The Tonal Comparative Method: Leveraging lexical tone in historical linguistics
The Comparative Method (CM) is one of the primary tools of historical linguists for determining phylogenetic relationships between languages and reconstructing ancestor proto-languages. Key to its scientific validity is having generally reproducible principles for distinguishing retentions and innovations from chance resemblance (Weiss 2015). The CM has focused almost exclusively on segmental reconstruction, with lexical tone sometimes used to exemplify areas where the CM is not applicable at all (e.g. Meillet 1948: 90, Campbell 2003). Indeed, early overexuberance about the relatedness of tone systems contributed to now-defunct proposals such as Sapir’s Sino-Dene Hypothesis (Golla 1984:374-382, Bengston 1994). Key to the scientific validity of the CM is having generally reproducible principles for distinguishing retentions from innovations and chance resemblance. It is understandable that principles for tone system reconstruction have not emerged, due to the relatively recent understanding of tonogenesis, and relatively less access to diverse tonal data. It is now well understood that lexical tone compensates for the loss of segmental contrasts (Krauss 1973:963). This has enabled some tonal reconstruction, but largely on a family-by-family basis, due to the difficulty of establishing comparability of tones across family and regional boundaries.

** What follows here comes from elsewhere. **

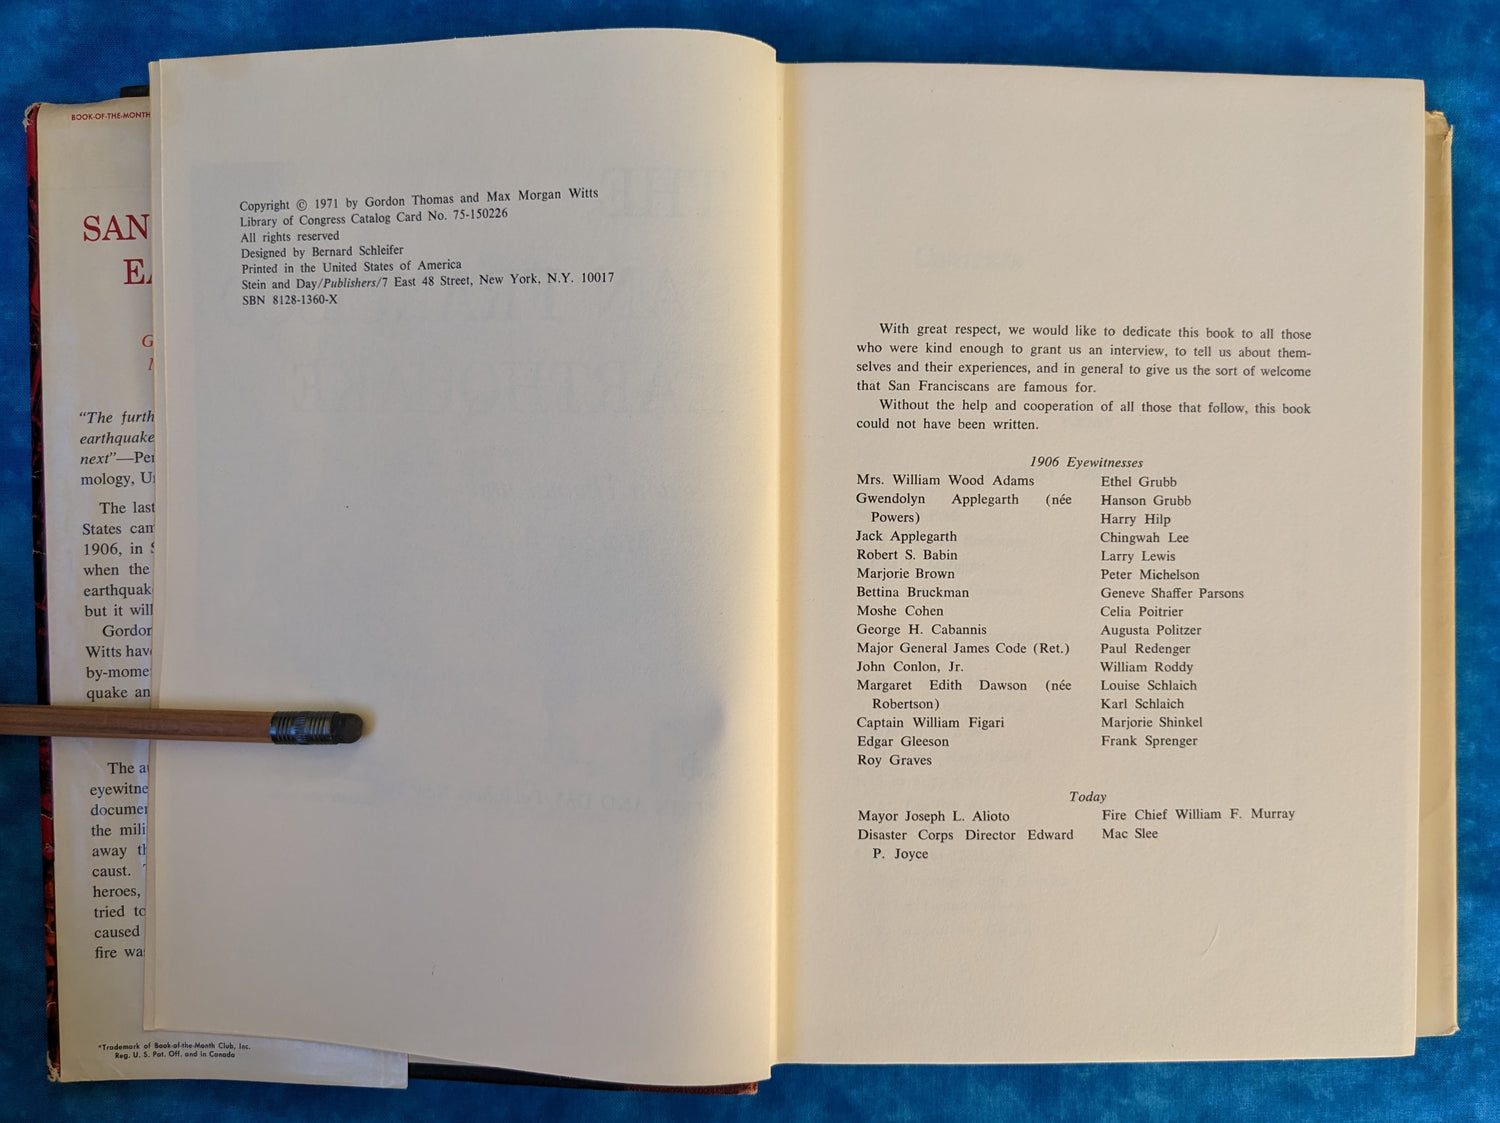 The San Francisco Earthquake vintage book acknowledgments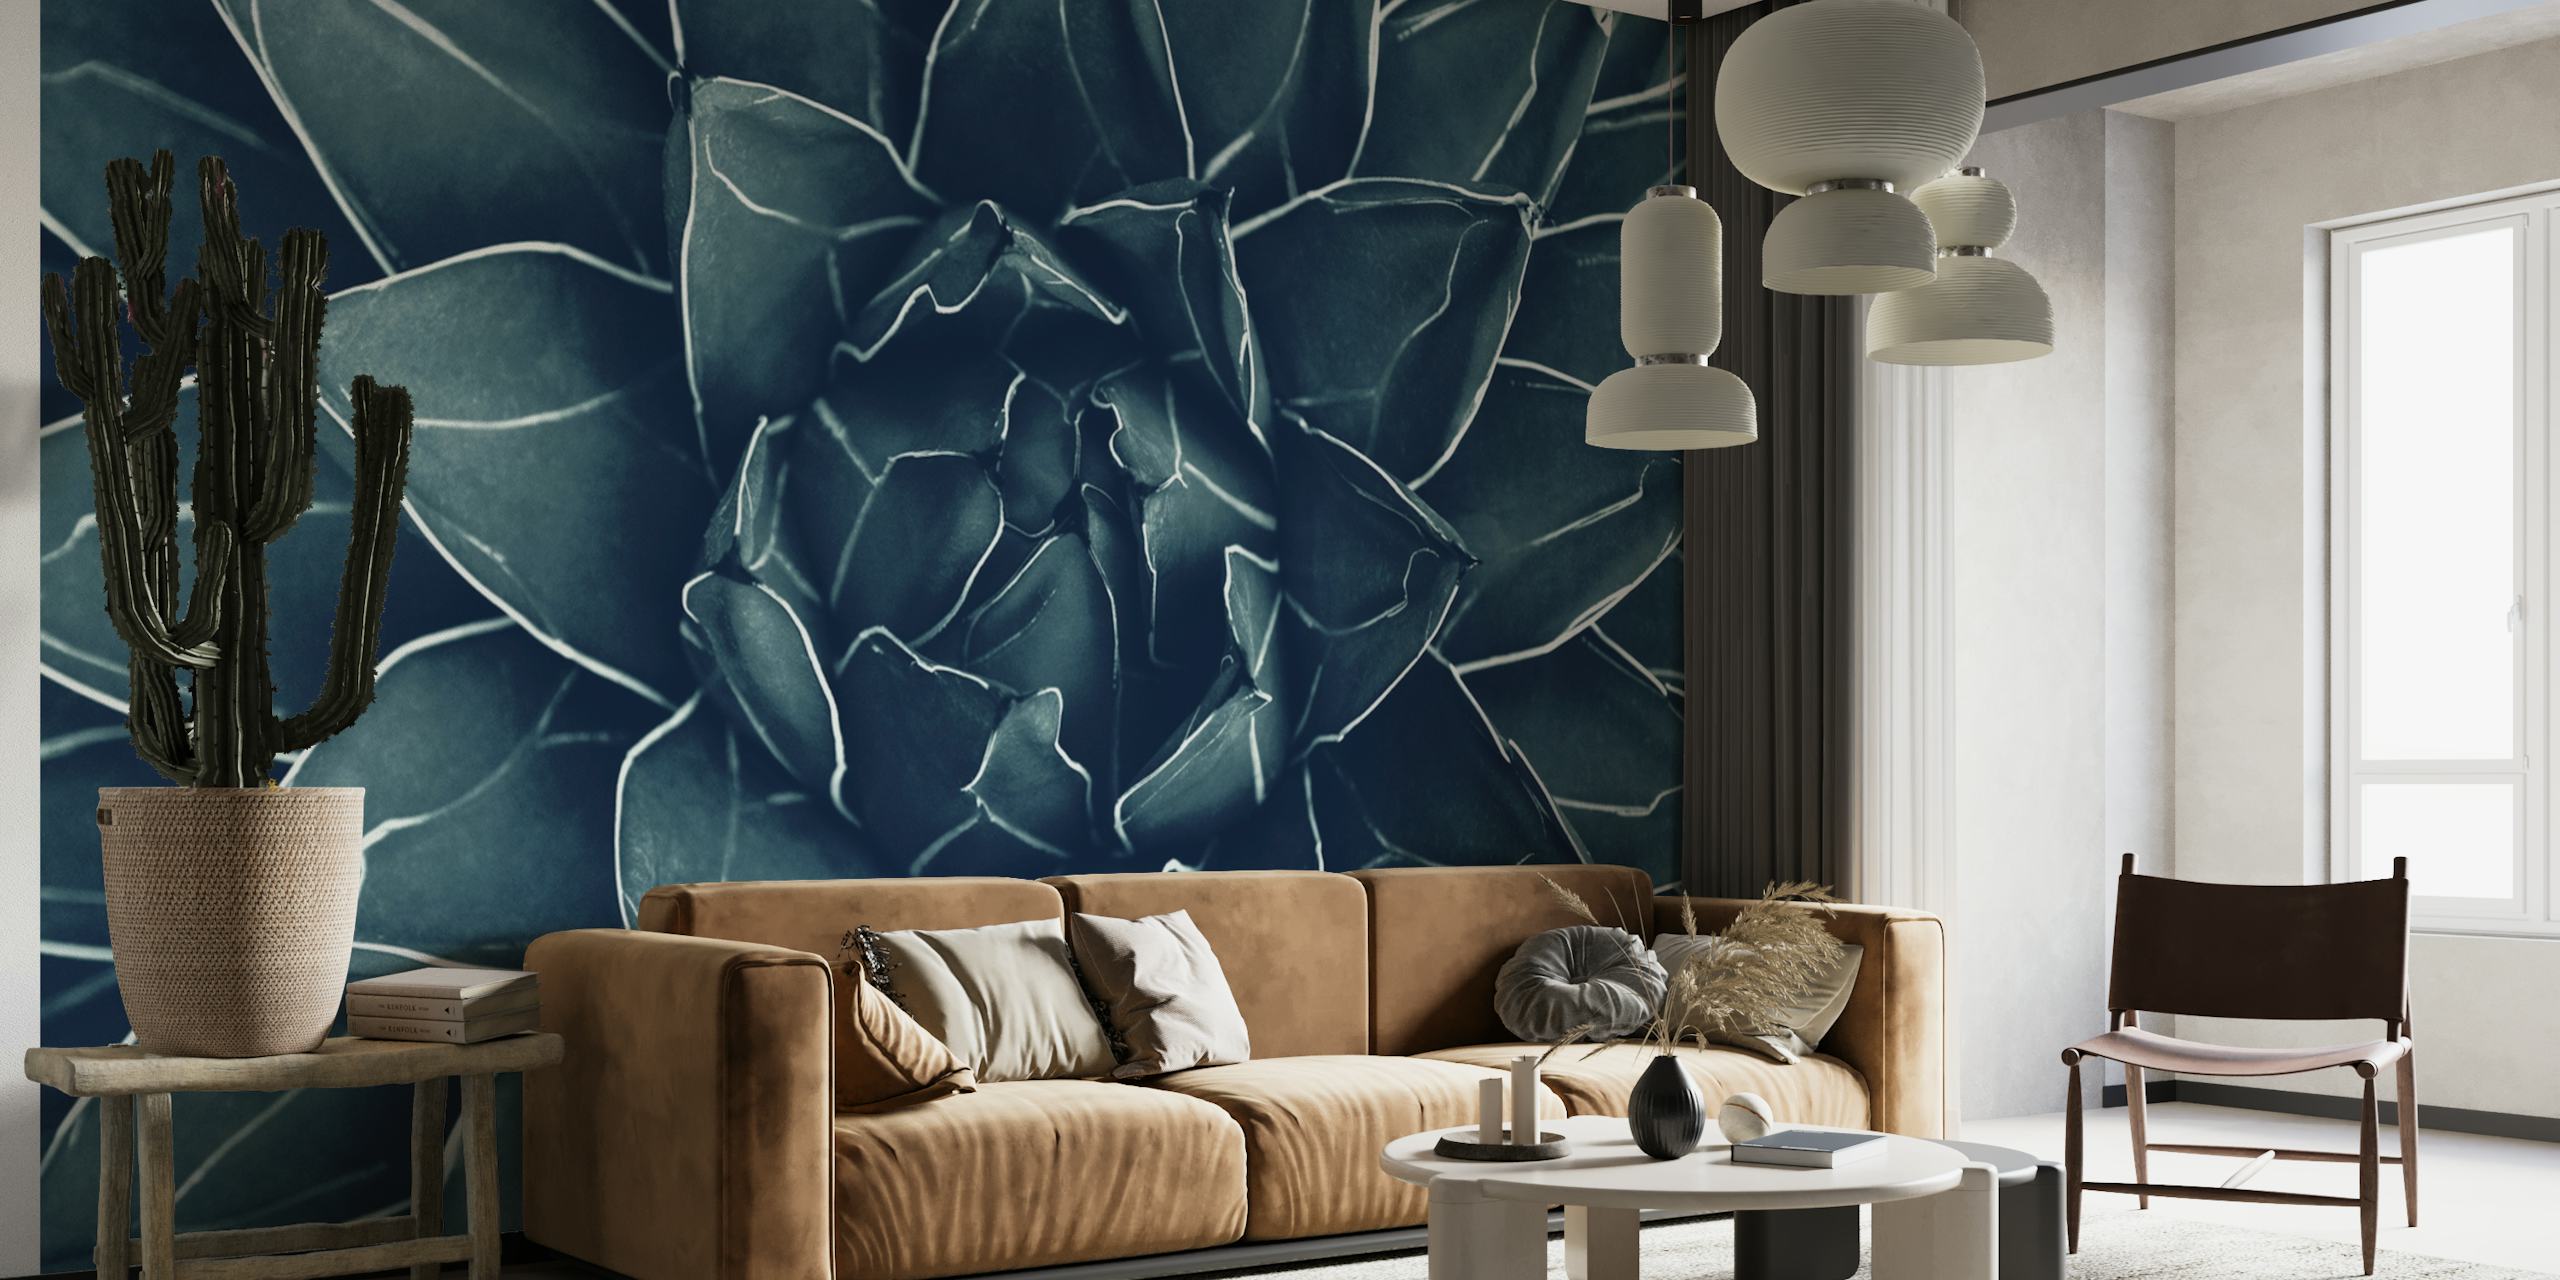 Agave Queen Succulent wall mural with detailed leaf textures in cool tones

Recent increases in the quantity of tone data available provide an opportunity to extend our reach by applying the logic of the CM to lexical tone, which I propose as the Tonal Comparative Method (TCM). The rich and relatively recent tonal history of the Tai languages makes them an ideal testing ground for the TCM. The present study uses insights from computational phylogenetics to inform the application of the CM to tone systems. Using a corpus of tone boxes (Gedney 1972) from 362 Tai doculects, many of them endangered, and a family tree from Glottolog (Hammarström et al 2018), for each lect, every cell is compared pairwise against every other. The resulting traits thus form a binary representation of possible retentions and innovations. Using the D statistic test (Fritz & Purvis 2010) we identified which traits have strong phylogenetic signal and categorized them accordingly. The strongest phylogenetic signal occurs in three areas: cells that seldom split (e.g. B1=B3, 98% of lects), implying shared retention, cells that rarely merge (e.g. A3=B4, 6% of lects), implying shared innovation, and cells that frequently merge (e.g. A3=A4, 46% of lects), indicating a need to carefully distinguish shared innovation from parallel innovation and chance similarity.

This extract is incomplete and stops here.